Товарищ? Да, конечно, товарищ — большое слово. Но вот он не мог прийти к Безайсу и рассказать, как сшибла его жизнь и тяжёлой ногой прошла по нему. Это нехорошо, когда мужчина приходит к другому мужчине вымаливать утешения, это по-бабьи, это просто невозможно, потому что ничего не сумеет сказать Безайс. "Черт побери, — скажет он, взволнованно трогая ухо в бессильном порыве сделать что-то нужное, — вот так штука!"
У Матвеева был свой взгляд на такие вещи. Их лучше держать при себе и не навязывать другим.
Вот ещё глупая, бездарная история — все эти стриженые бабы с половыми проблемами. Если честно, по-человечески подойти к этим проблемам, то окажется, что их нет вовсе.

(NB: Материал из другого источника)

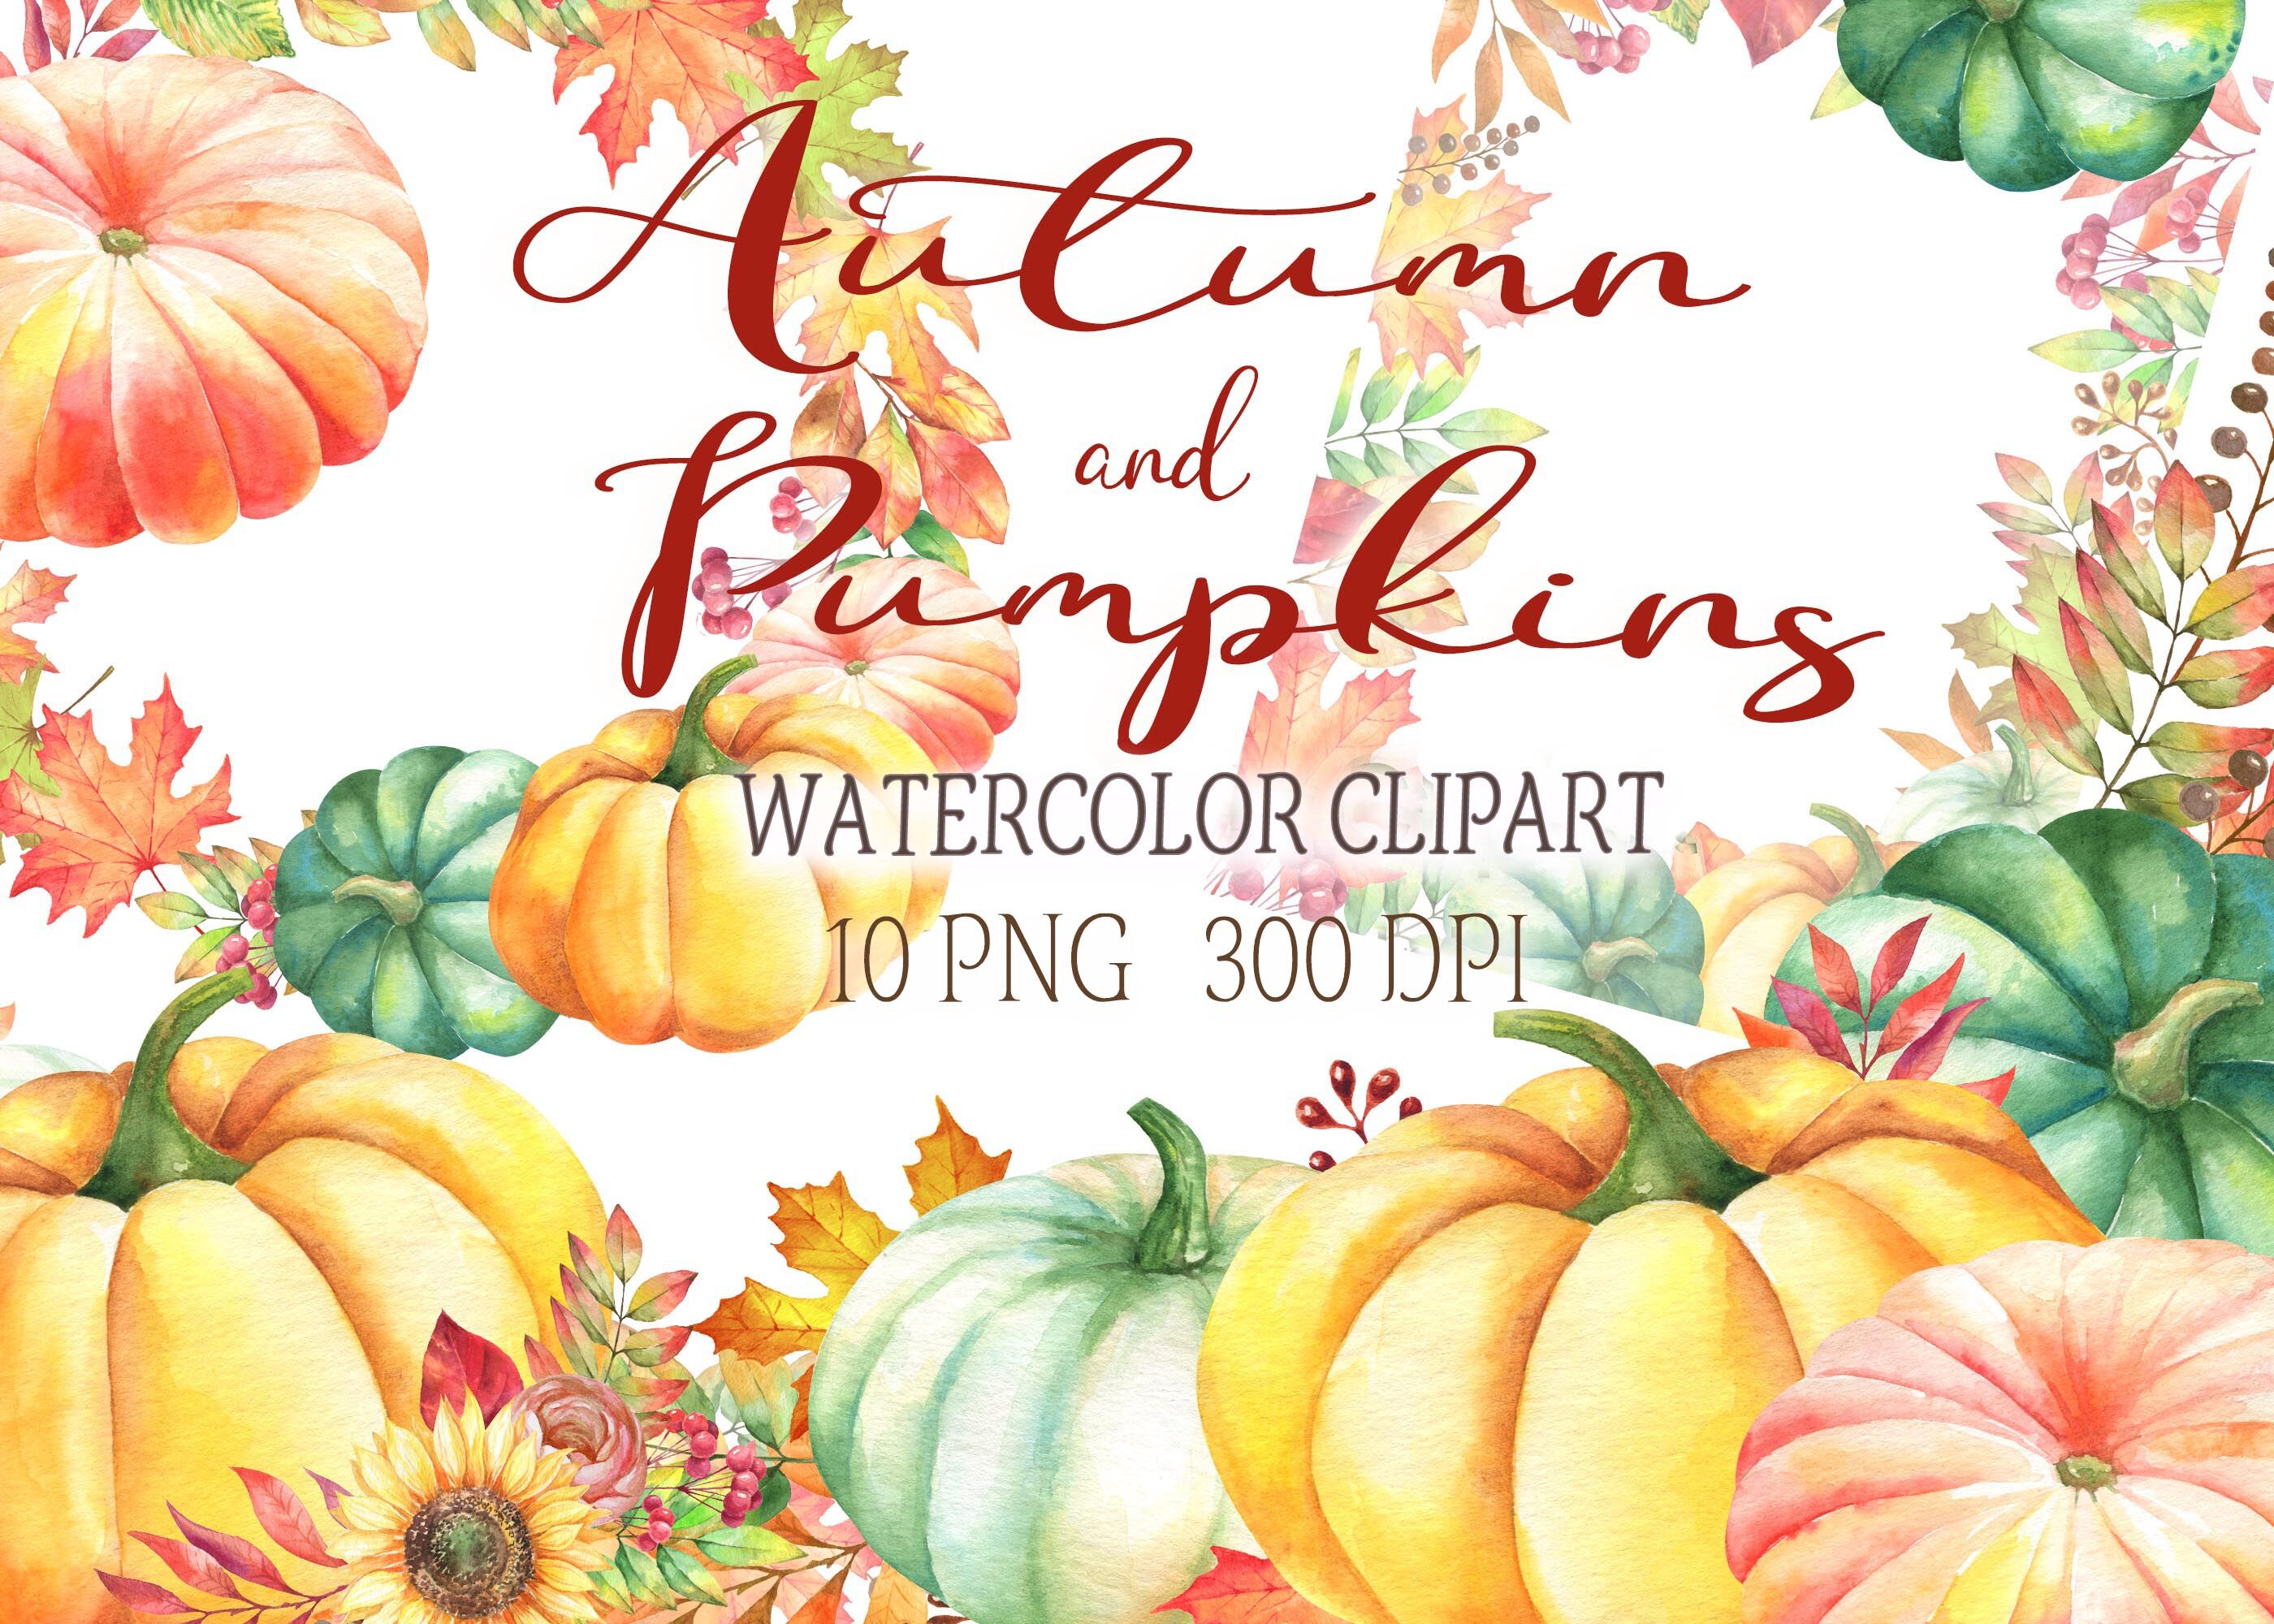 autumn background clipart

Это всего только волнующие, дразнящие разговоры о запретном, стыдном — разговоры неврастеников, и его беда в том, что он всем своим большим сердцем поверил в них.
На второй день, вечером, Безайс шумно вошёл в комнату.

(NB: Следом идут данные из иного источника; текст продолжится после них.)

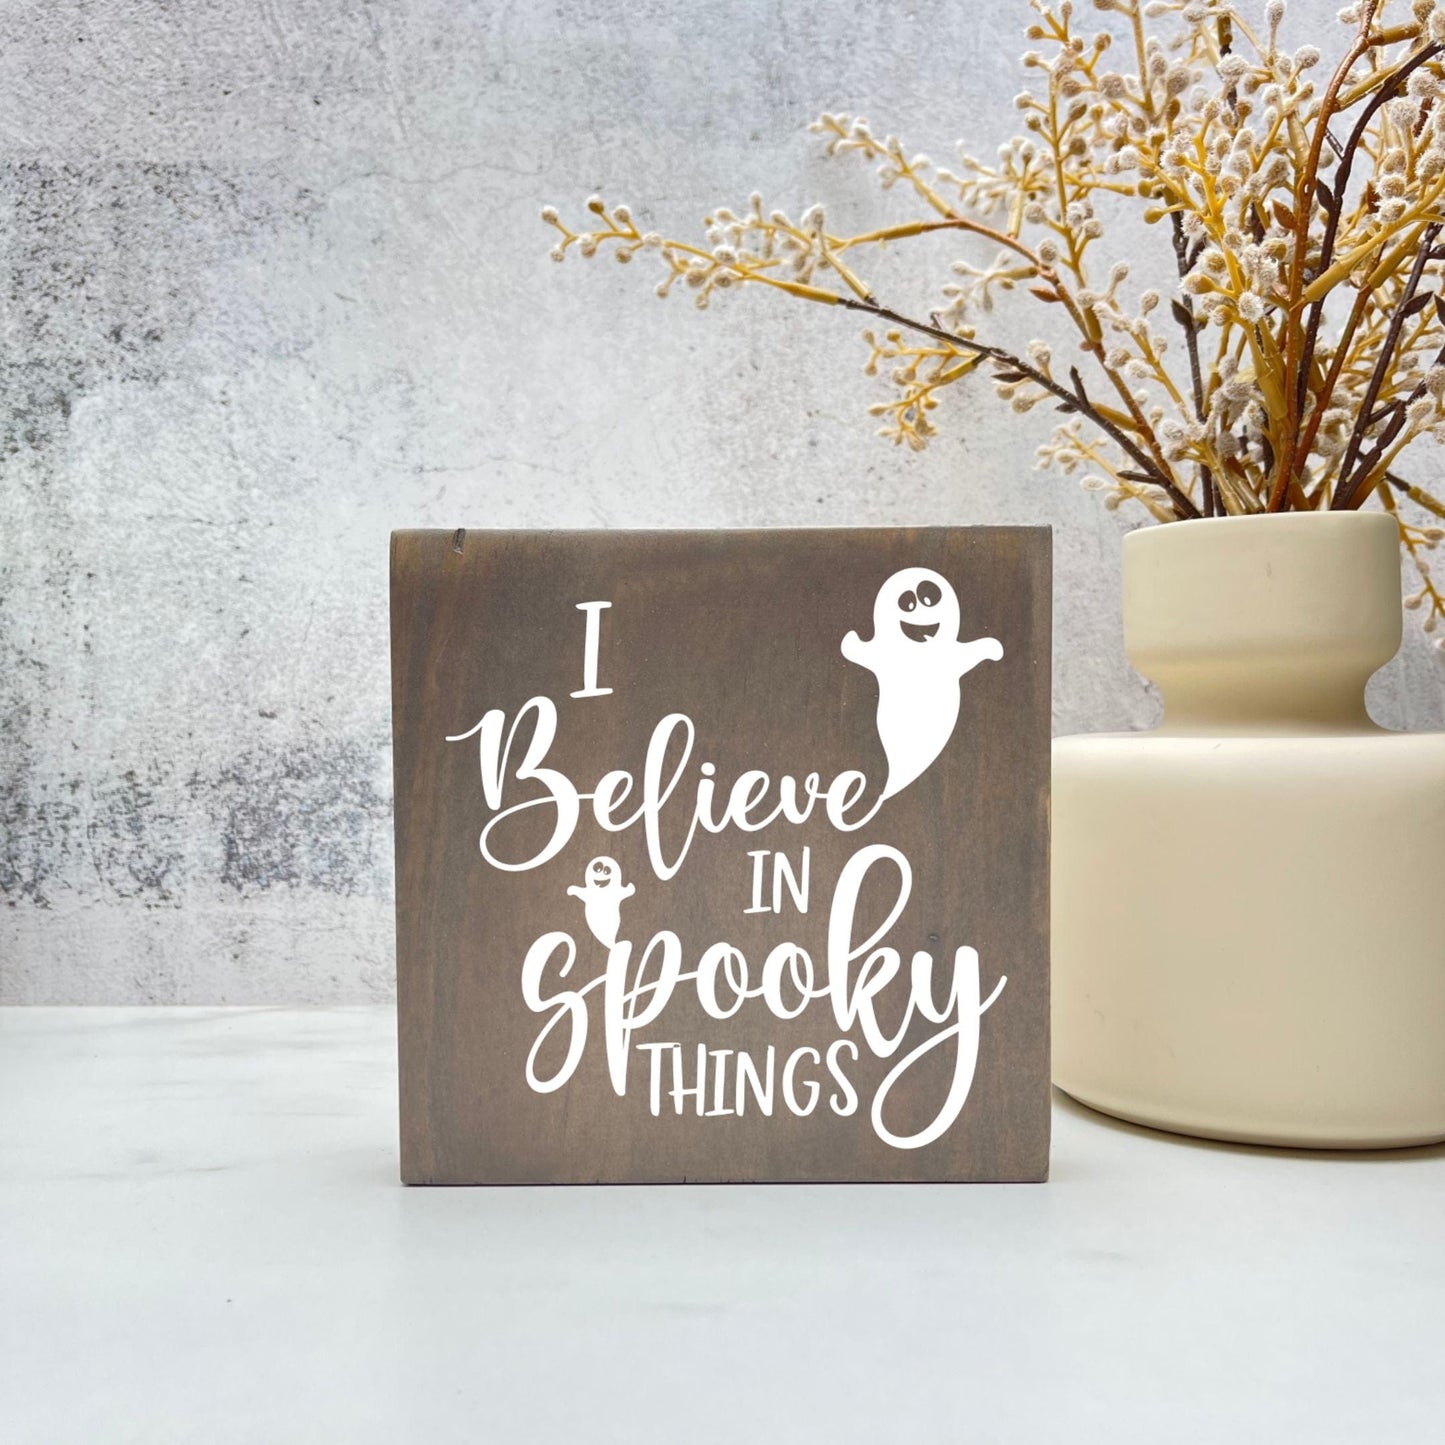 I believe in spooky things Wood Sign, Halloween Wood Sign, Halloween Home Decor, Spooky Decor

— Пойдём к нам, старик, — сказал он. — Знаешь, что я придумал? Я уговорил ребят провести совещание у нас. Хочешь послушать, что там будут говорить?
— А когда они придут?
— Уже пришли.
— Ладно.
Некоторое время он лежал, убеждая себя не лениться и встать, потом нехотя оделся и вышел в столовую. Его сразу охватил сдержанный гул голосов, смех, табачный дым, в котором неясно виднелись чужие лица и огоньки папирос. Их было пять человек кроме Безайса, который гремел посудой у стола и откровенно гордился честью поить чаем подпольное совещание. На свежей скатерти стояли самовар и чашки, розовел поджаренной коркой пухлый домашний хлеб. Матвеев поклонился и сел. Некоторое время они молчали, а потом заговорили снова — все разом, и в комнате гуще заколебался синий табачный дым.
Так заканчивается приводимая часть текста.